§ What this task involves
Working from the top of the listing below, retype each line through the line containing "These sculptural lights", both included, with no pictures.

§ Supplied material
---+---

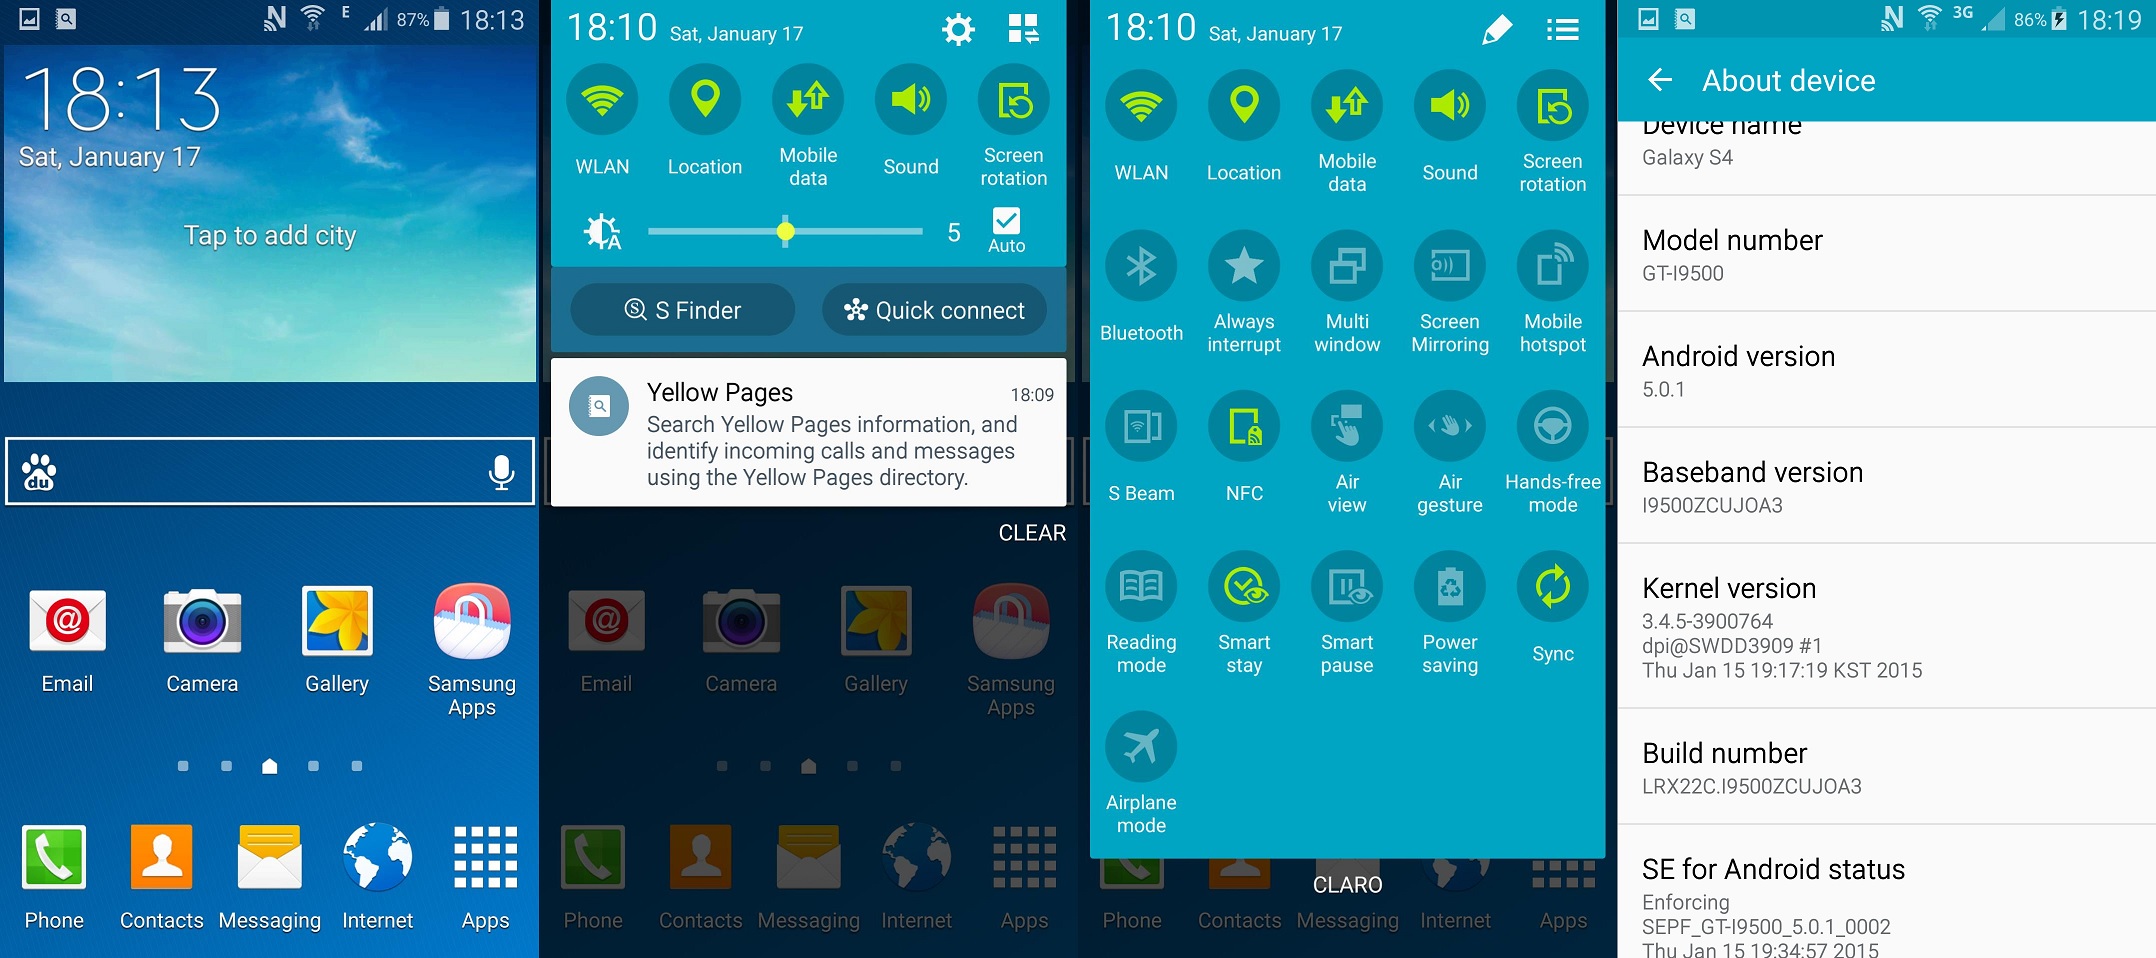 download android 5.1 lollipop for galaxy s4
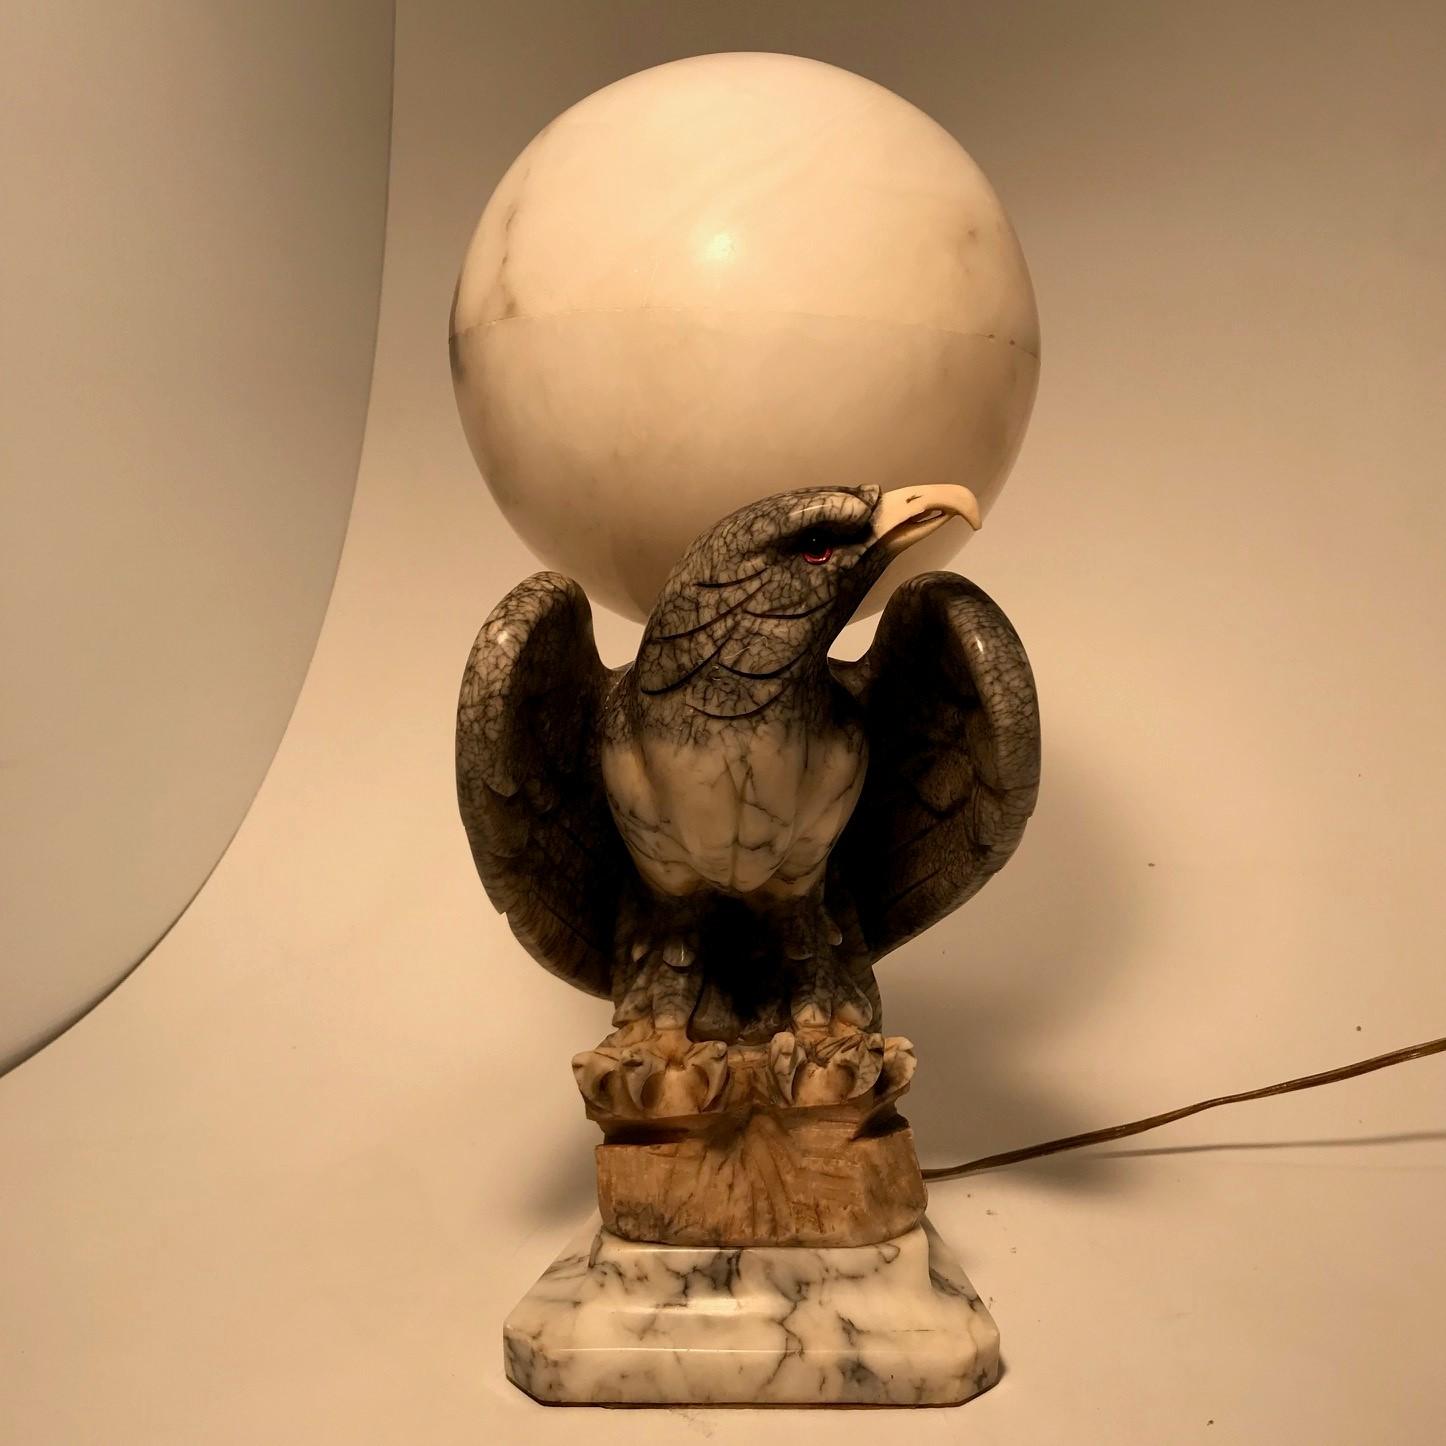 These sculptural lights in plain and stained alabaster are increasingly hard to find. This one, dating from perhaps the second quarter of the 20th century, is in exceptional condition, even the spherical shade is undamaged and unstained. The eagle
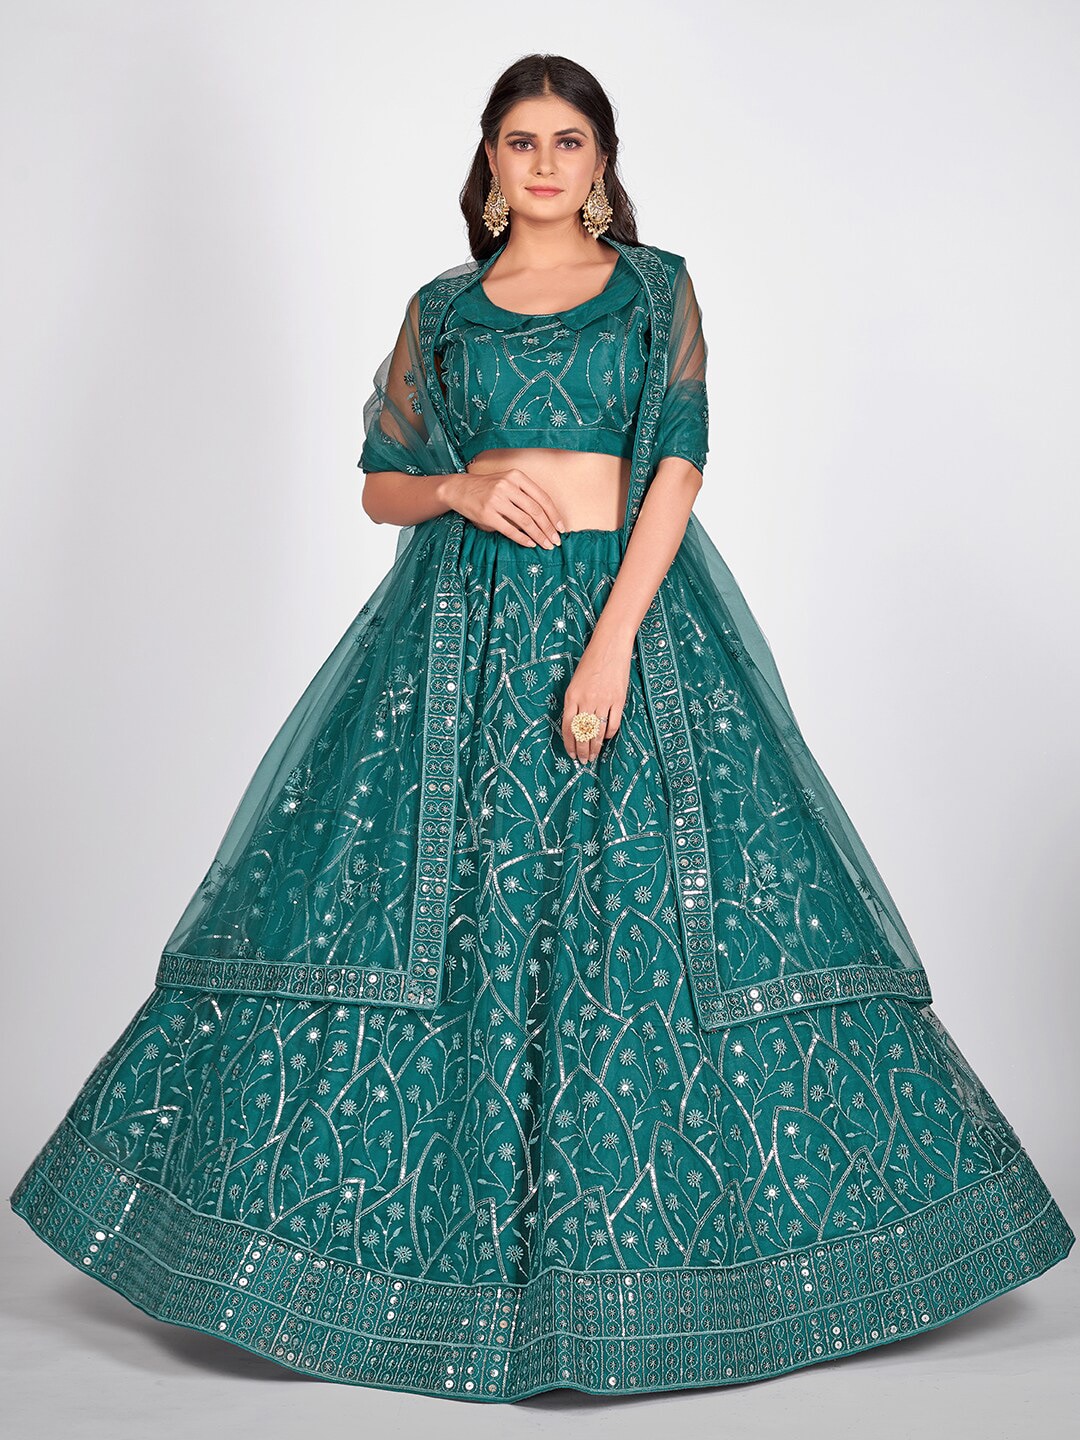 SHOPGARB Teal & Silver-Toned Semi-Stitched Lehenga & Unstitched Blouse With Dupatta Price in India

---+---

§ Written solution
 download android 5.1 lollipop for galaxy s4
 These sculptural lights in plain and stained alabaster are increasingly hard to find. This one, dating from perhaps the second quarter of the 20th century, is in exceptional condition, even the spherical shade is undamaged and unstained. The eagle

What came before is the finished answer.